This is meant as a supplementary answer to my own question.
I know this has been many years after I have asked the original question, but something about distinguishing /t/ and /d/ being voiced and unvoiced in this specific scenario hadn't quite convinced me. (As some users on this page has already mentioned telling apart d and t might not be as important in this situation by whether it is voiced or not.) I didn't quite believe anyone, whether native or not, could tell the difference at whether the consonant was really voiced or unvoiced in the scenario anyway.
I just stumbled upon this video by Dr Geoff Lindsey (co-edited CUBE dictionary): https://www.youtube.com/watch?v=U37hX8NPgjQ In one example, he showed:
- English does not contrast
b and unaspirated p after s
- "discussed" VS "disgust", where native and non-native would not be able to distinguish recordings of the two words.
- aspirated VS unaspirated sounds comparison between English and French with waveform visualization, where French unaspirated unvoiced
p is very similar to the English unaspirated voiced b.

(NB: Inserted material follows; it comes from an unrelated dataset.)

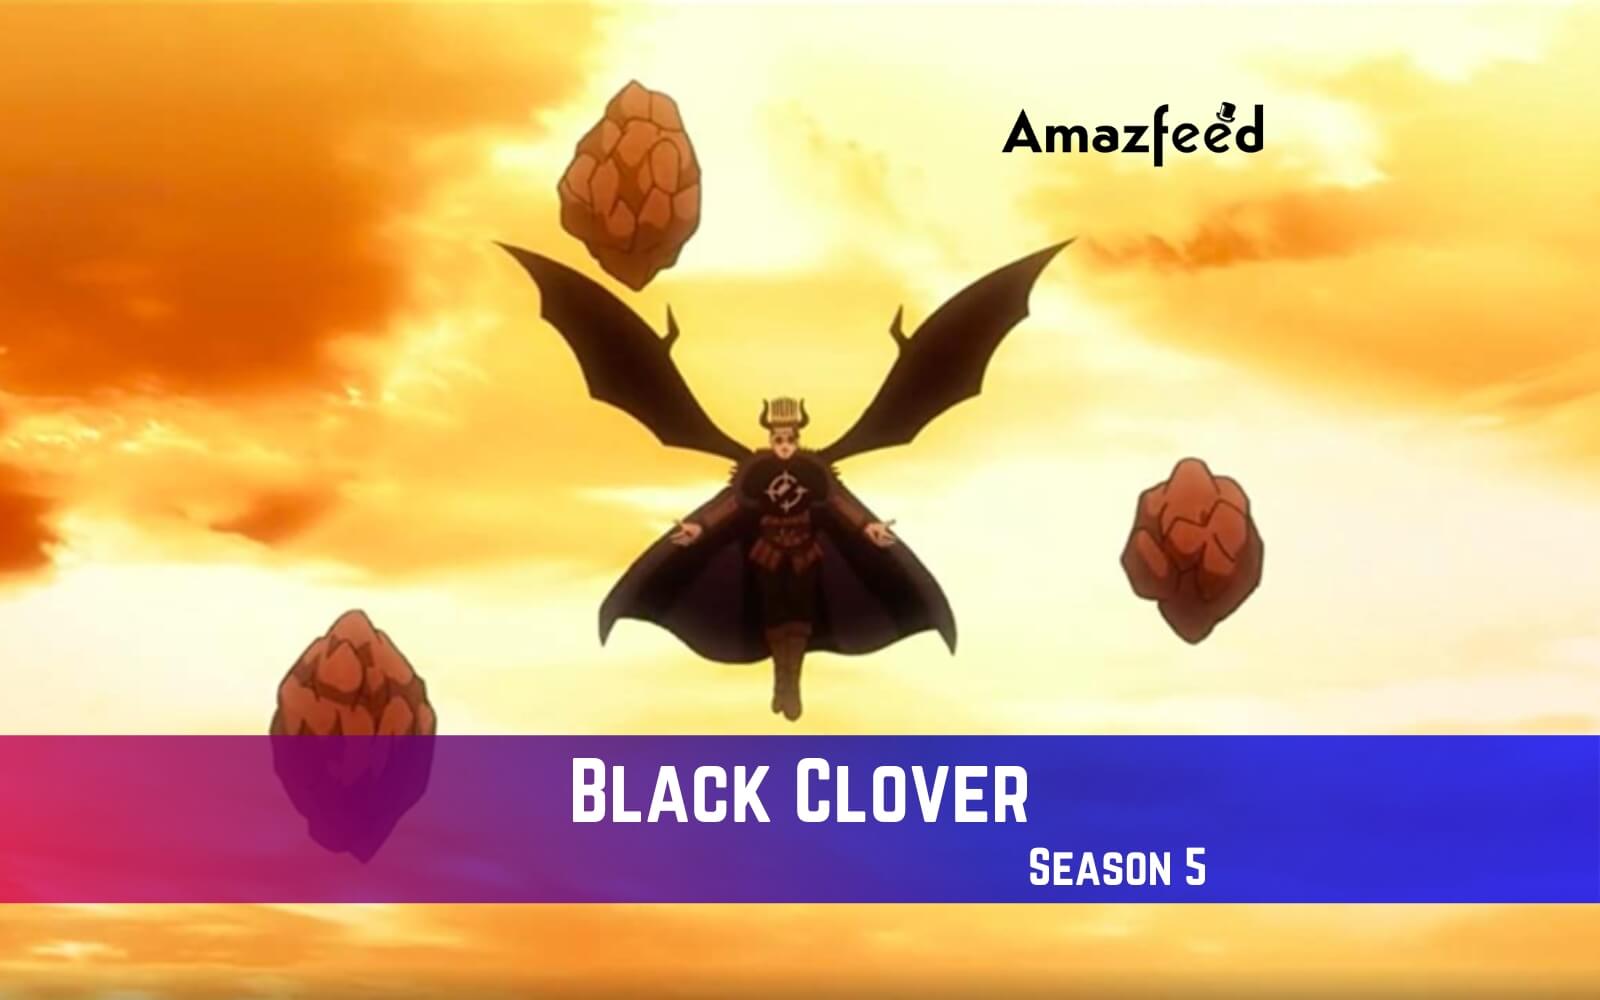 Black Clover Season 5 Release Date Confirmed in Winter 2023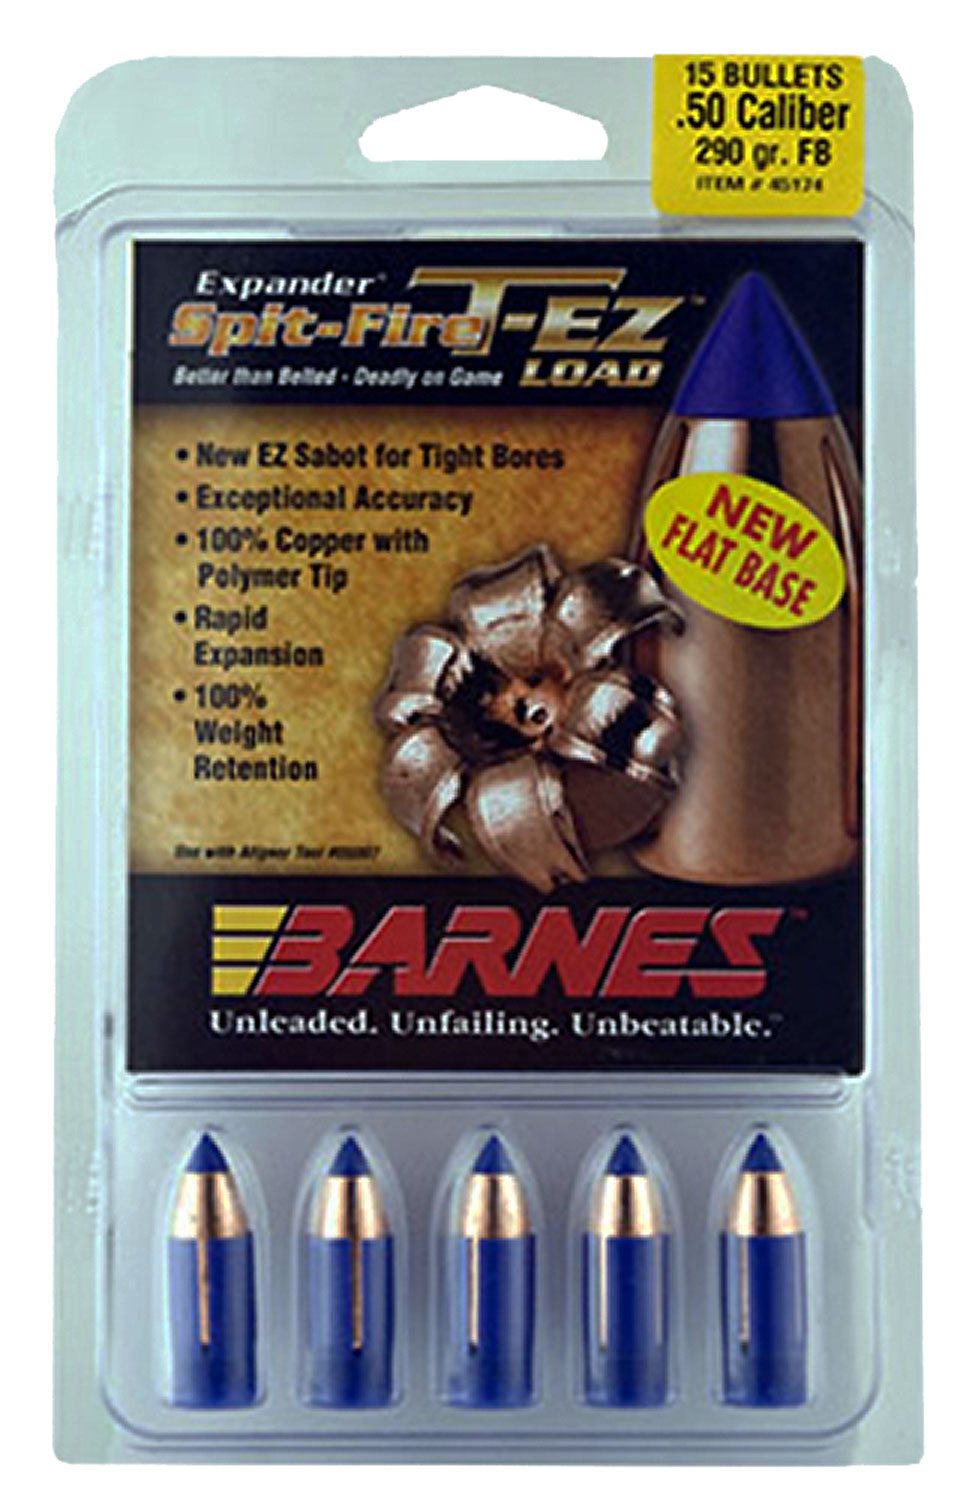 Barnes Bullets 30587 Spit-Fire T-EZ  50 Cal 250 GR 15

- native speakers may choose to aspirate or not for many words.
In his conclusion, he simply argued it could be as simple as dictionaries have chosen the wrong symbols by transcribing speech as /spiːtʃ/ whereas /sbiːtʃ/ may be more appropriate.
I quite like his approach of cropping audio clips to prove the point that there's no chance anyone can claim to be able to tell whether the consonant was voiced or unvoiced to prove his point.